Earlyguard
Largo

2014

 

 

 

 

Largo is Dortmund, Germany-based Thomas “Tom” Frühwacht aka Earlyguard’s long-form piece for the summer of 2014, consequentially released in August and available to stream and buy at Bandcamp, iTunes an cohorts. The artist sets up a sophisticated Ambient sparkler running for 36+ minutes, and as ususal, he gives the listener the key to the castle via a short quote from Wikipedia about the title’s meaning; turns out that Largo translates to “a very slow tempo, or a musical piece or movement in such a tempo.” As helpful the quote may seem, it is an understatement when applied to Earlyguard’s concoction. Never before has the artist succumbed to such a minimal diorama. A piano and threatening silence are all there is, making Largo one of ’em p(i)anoramas that are labeled with Modern Classical or electro-acoustic tags. But when compared to the artist’s cosmos it is situated in, Largo is much more while being much less, turning away all the kaleidoscopic synths of today in order to delineate the amalgamation of phantom frequencies, micro tones and hidden timbres within a strikingly murky realm.

 

Earlyguard’s endeavor in regard to the buildup and circumambience of his pieces is certainly based on the understanding of letting the respective movement grow and prosper, notwithstanding the tendency of uncertainty and debris in some of his heavier, remoter pieces such as Isolation (2013). Without exaggerating the impetus of a genteel fade-in and other solemn somnolences, said fade-in is probably the formulaic atavism Ambient music faces today, time and again, ad infinitum. Largo, in a somewhat surprising twist, doesn’t even need 300 milliseconds to expose its agglutinating force once the listener hits play: a classic piano. It is probably not a classic piano per se rather than a cleverly patched alloy of synthetic vestiges; however, a piano it remains texture-wise, and it faces a cauterized backdrop of nothingness.

 

If Frühwacht hadn't come up with a piece like Isolation already, chances are that the current soundscape could have carried that name with pride and predilection.

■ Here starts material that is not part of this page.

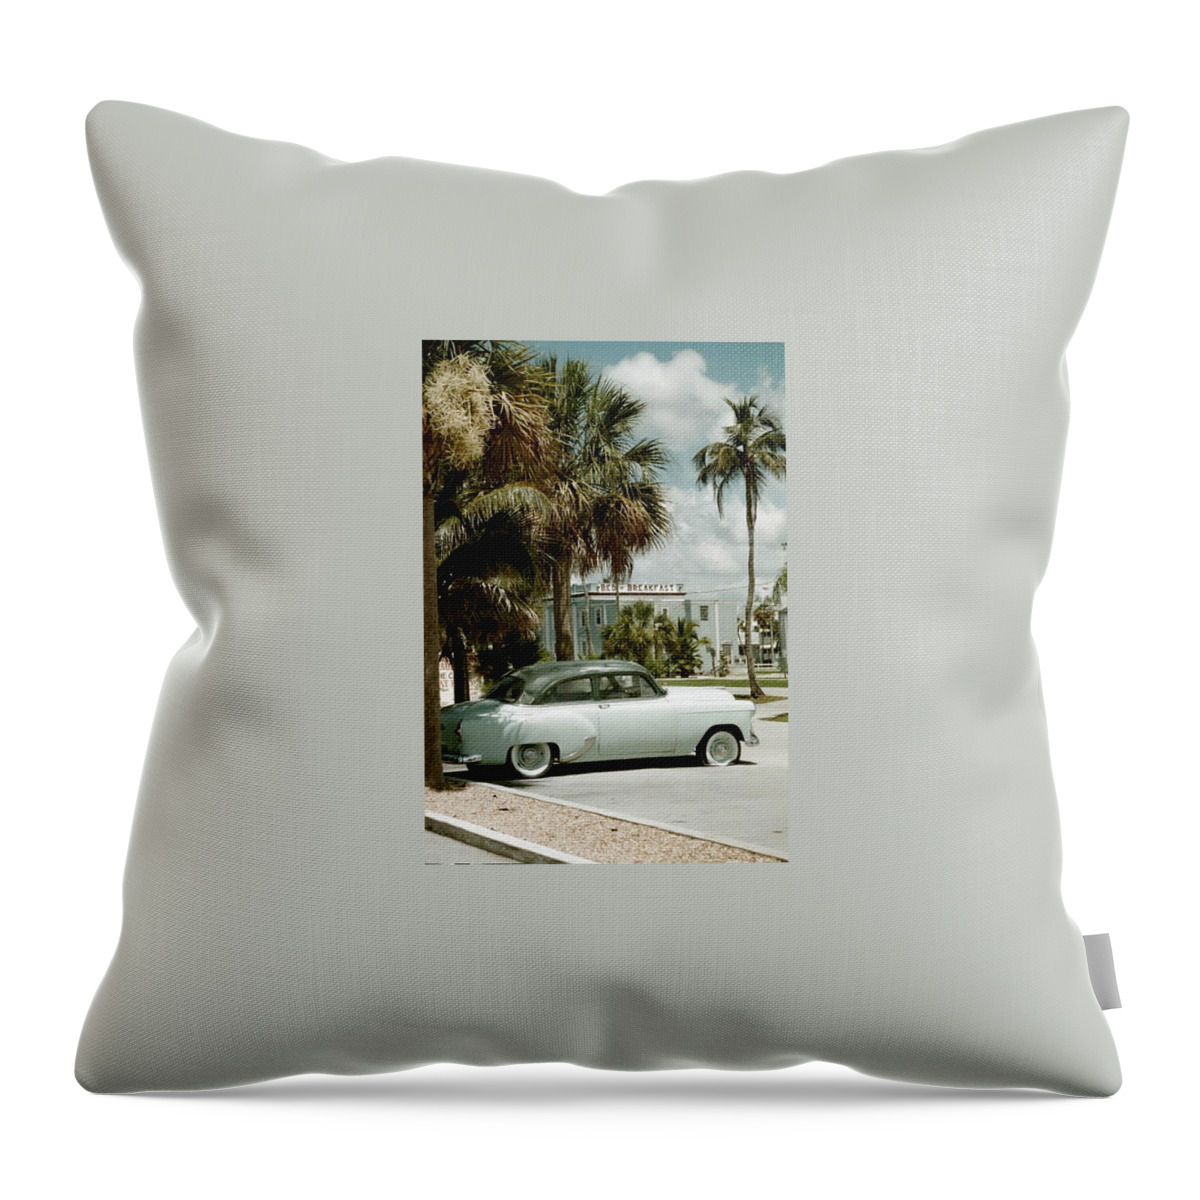 Everglade City Throw Pillow featuring the photograph Everglade City I by Flavia Westerwelle

For the whole runtime of 36 and a half minutes, Earlyguard’s equilibrioception gyres between ghosting superimpositions of Erik Satie and the cavernously sustained afterglow photometry of some Ambient release called Music For Airports (1978). However, the reviewer’s faux-witty remarks are de trop during this interstitial dovetailing procedure, as there are emaciated but noteworthy illuminants floating through the scenery which function as concurrent stimuli to the shadowy piano chords and reflective titration: sine tones.

 

It is these electro-acoustic sine tones and their glacial harshness – despite the fragile reticulation – that veneer and veil the grandiloquence of the thought-provoking shadiness. Benignantly scything, belligerently softening the genuflecting granuloma, these syrinx-like icicles augment the loneliness that is so heavily inherent, but also spawn a second and third fabric of cognitions: gentleness and quasi-hallucinations. Indeed, whereas the impression of grace and tranquility is amplified via the pristine purity of the thin serpentines, the hallucinatory factor comes prominently into play when a key’s decay is zoning out, boosting both the internecine sine tone and the fibrillar-recondite omnipresence.

 

As is the case in all of Earlyguard’s pieces, Largo is also fond of absconded low frequency riverbeds. Since it is such a minimal and withdrawn piece, the accidental or intended rumbling occurrences need to be decorticated from a different source. Whereas even the cheapest synth and most desultory artist can rev up the basement of a track, here the elasticized bass convulsions show compunction and efflorescence: deriving from the piano’s lower regions, grimmer timbres and martellato attack rates crush the soul and grind the bones of the innocent listening subject, providing a sudden esprit. This liveliness is caused by eldritch prolongations of the lowermost frequencies. These instances reappear more frequently during the track’s apex, seemingly functioning as wakeup calls. In this regard, the film noir Key Largo (1948) comes to mind for obvious reasons.

 

So what to make of Largo and its crepuscular-argentine twilight? Luckily, there are wonderfully ethereal instances embroidered, segues that would have been swallowed in Earlyguard’s many synth-focused cataracts which, ironically enough, would themselves have been pinpointed as the ethereal formations. Here, though, one can (only) bask in short moments of gleeful glissando as appearing around the mark of 21:30; likewise, the heterodyned frequencies which appear after 33 minutes are a solacing counterpart to the regally saltatory blotches which themselves are entrapped in a quandary, always falling down after an increase in warmth and humaneness. Largo’s terminal phase is not even recognizable as such, making it the circular locale to the in medias res opening which already sported the piano motif right from the get-go.

 

When I listened to Earlyguard’s prior release Alterations (2014), I sensed that the cautiously sewn acoustic aureoles amid the clandestine bokeh were the eponymous molecules that gave the long-form piece its name. Now that Largo has seen the light of day, it becomes clear that Alterations itself is not the interim endpoint to Earlyguard’s recent phase of experiments – after all, any artist’s latest work is – as it doesn't lead back to his synth-fueled mélanges. A full-circle movement is neglected for now. Instead, the recent premise is further carved out, fathomed, followed through: Largo is a minimalist’s minimalism, not at all shy of recurrent and memorizable melodies, but hesitant of putting the intrinsic emotional response to the test. Is this a work whose spirits are good-natured? Shall one absorb the crestfallen tones in minor rather than the helical drench of sanguine solace? During summertime, I can see Largo’s appeal; when I face winter's film noir-like twilight, I am going to fear its multiplexed anguish. 

 

Further listening and reading:

  • You can purchase and stream Largo at Bandcamp, iTunes and many other digital stores.
  • Earlyguard’s Twitter account? Easy-peasy: @Earlyguard

 

Ambient Review 366: Earlyguard – Largo (2014). Originally published on Aug. 13, 2014 at AmbientExotica.com.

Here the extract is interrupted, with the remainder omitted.